In an interview with The Epoch Times on Dec. 5, Mr. Ye said: “At the beginning, a lot of people died in Wuhan. The hospitals were full of patients, and even the corridors were full of people. In the blink of an eye, a patient died. In the blink of an eye, another patient died. What I said is a reality—many people have died.”

He has seen a lot of deaths in his neighborhood as well. In addition, he personally knows of several people who died from COVID-19, some were colleagues, some were neighbors. Some of his relatives have also died because of COVID-19.

Mr. Ye further revealed there was a spike in deaths at the end of last year when the Chinese authorities lifted the zero-COVID policy. He was at his son’s apartment in Shanghai at the time.

“Every night, the sirens of ambulances could be heard constantly, and a lot of elderly people died in Shanghai. I had seen people burning papers and holding ceremonies for the dead in the neighborhoods all the time,” he said.
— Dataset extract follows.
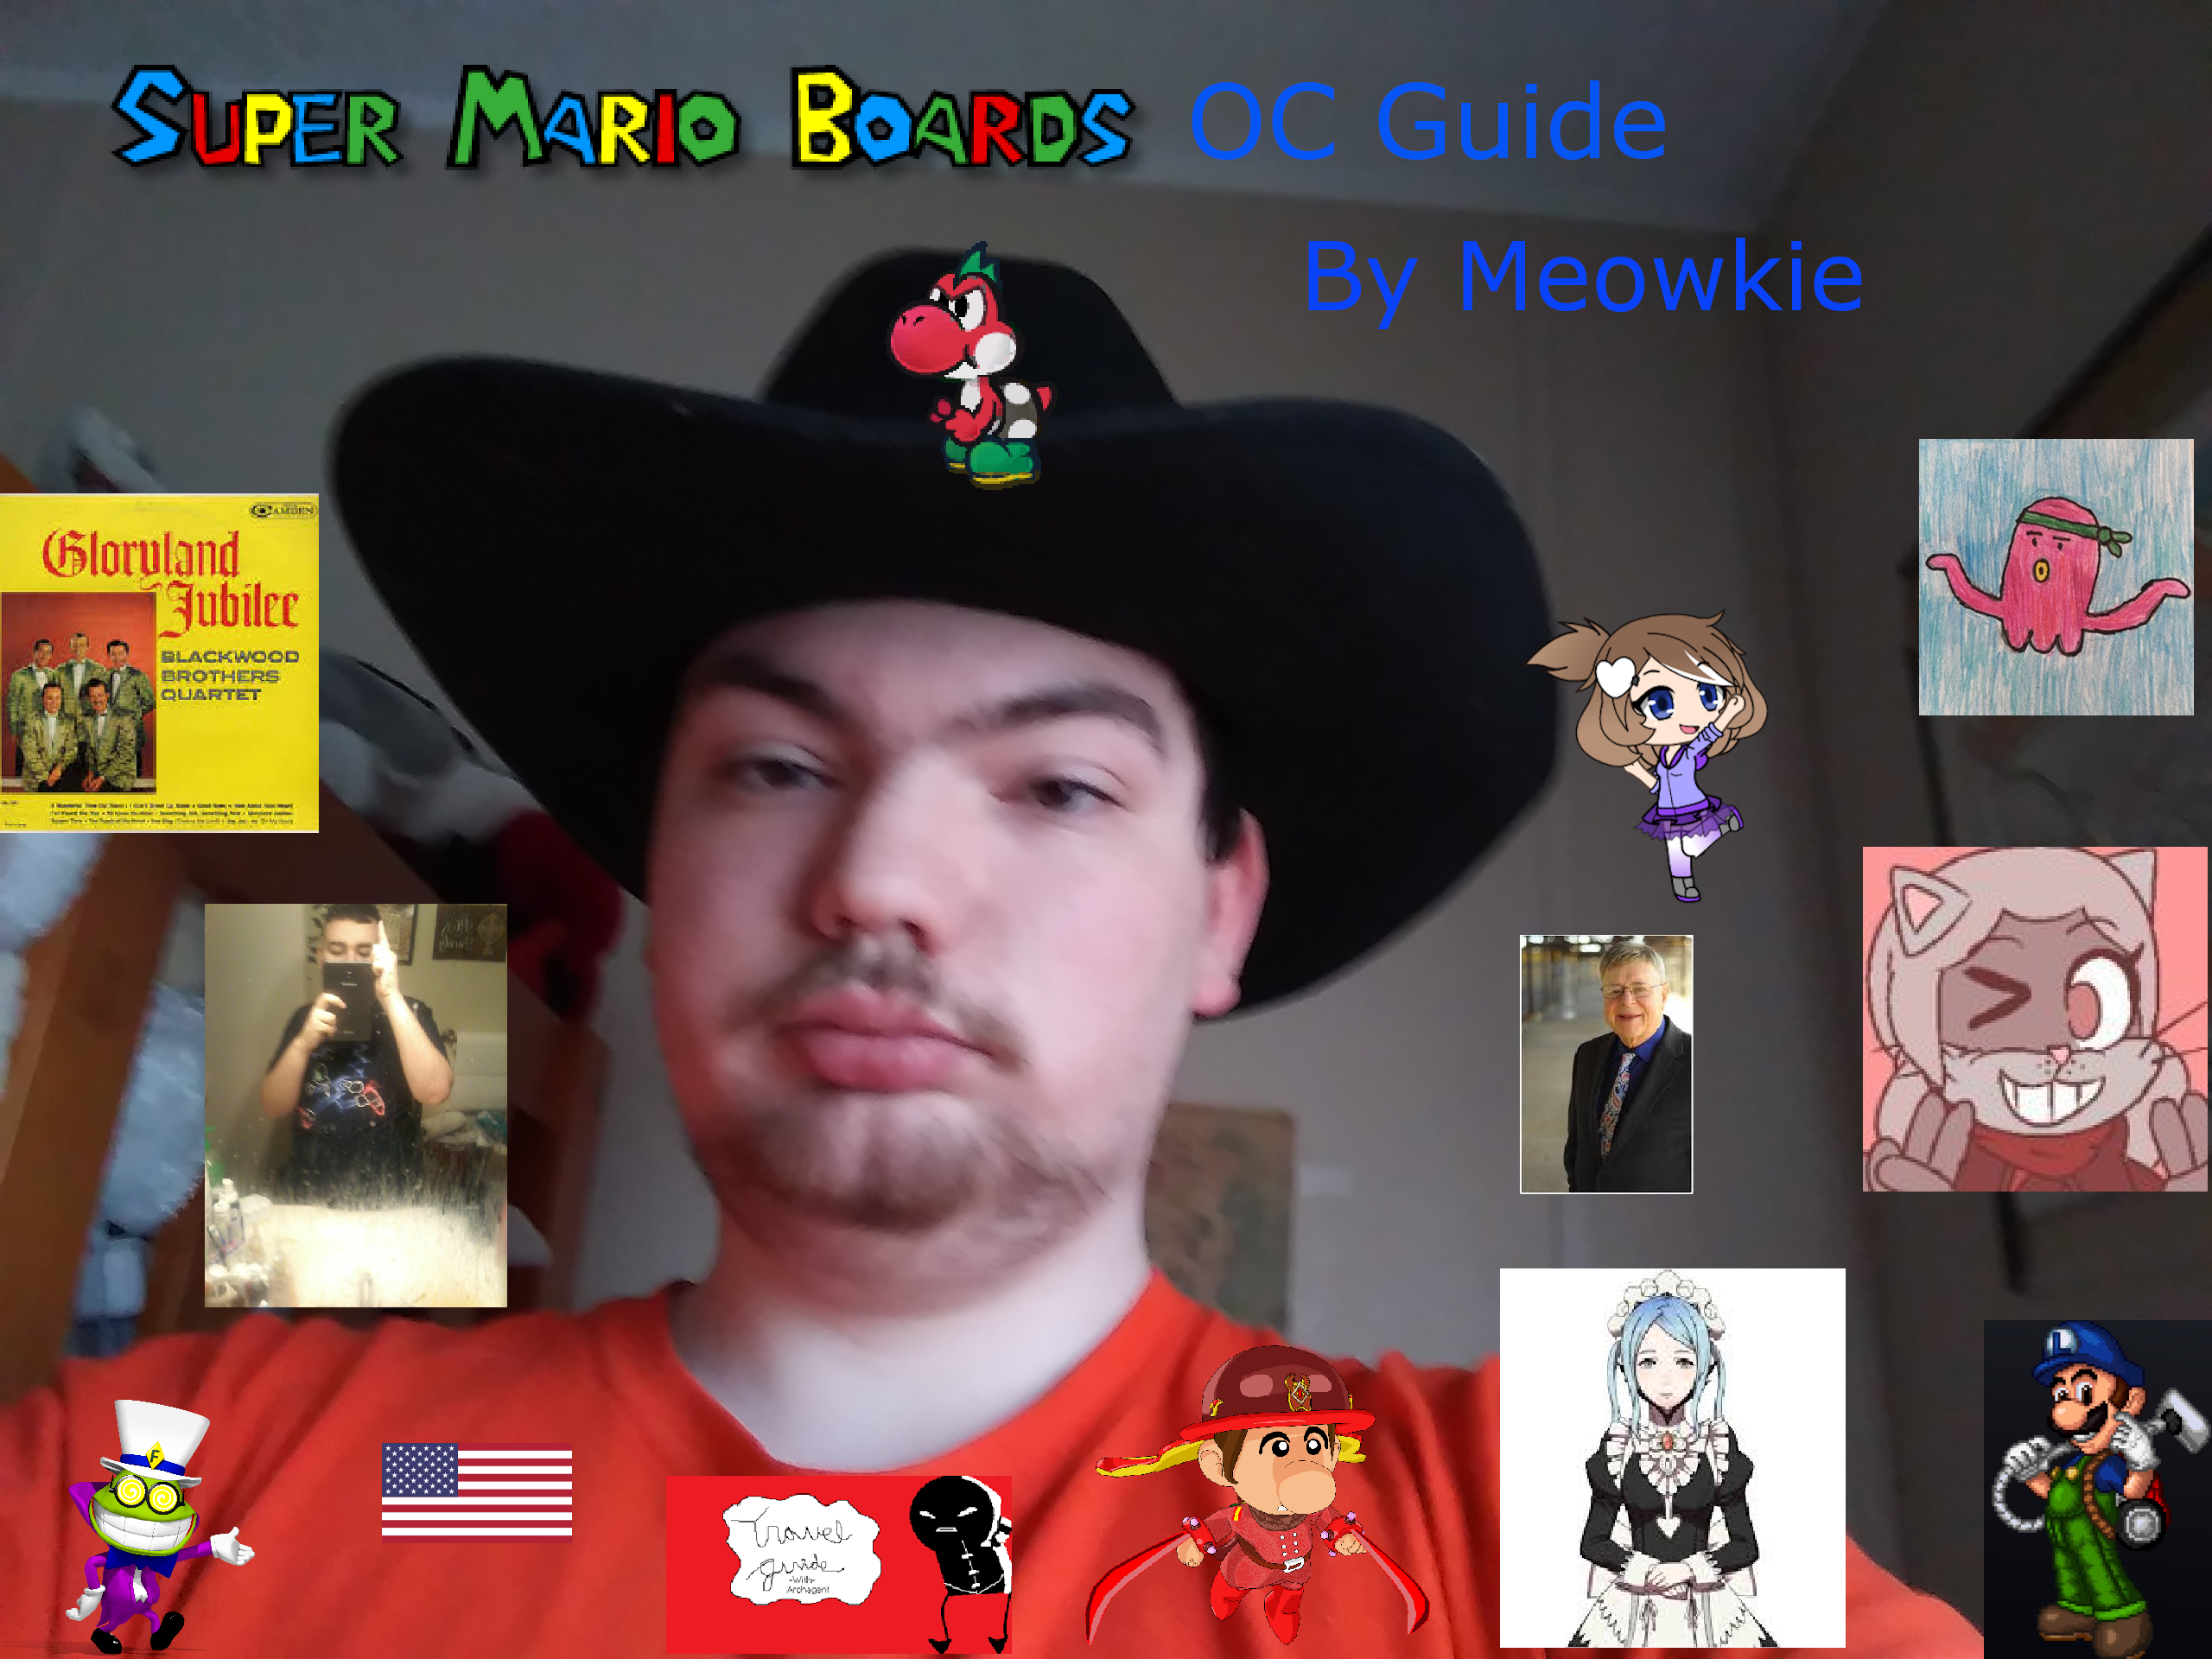 Mario Boards OC Guide Cover v 3.0.0.png
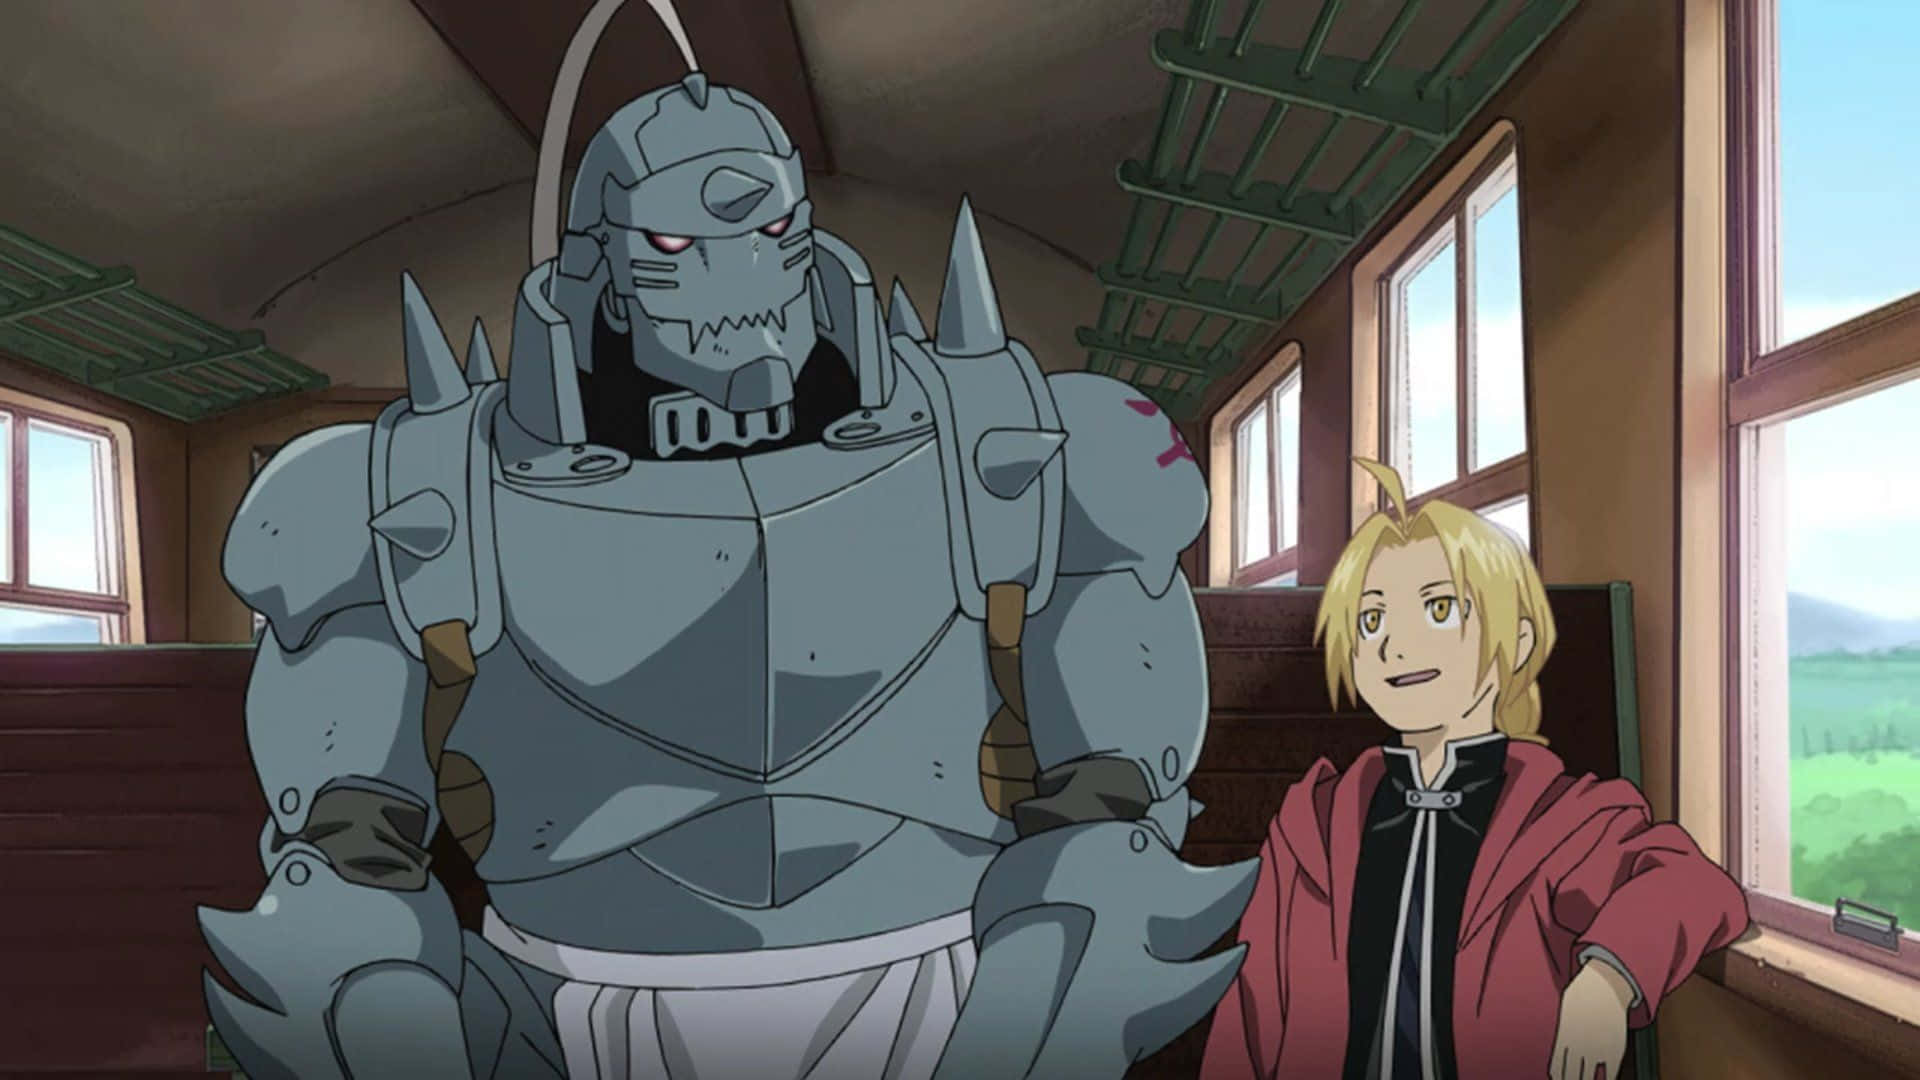 Alphonse Elric with a mysterious gaze in front of a softly lit background. Wallpaper

Mr. Ye also recalled that residents in Wuhan had a tough and miserable life during the strict city-wide lockdown. They had to take a nucleic acid test every day and were constantly living in fear.

In late September, Li Rong, a funeral makeup artist in Anhui Province, told The Epoch Times that during the peak of COVID-19 deaths from December 2022 to February 2023, the corpses in the crematorium were lined up on the street, and the county’s only crematorium operated 24 hours a day.

The county where Ms. Li lives has a population of 1.2 million.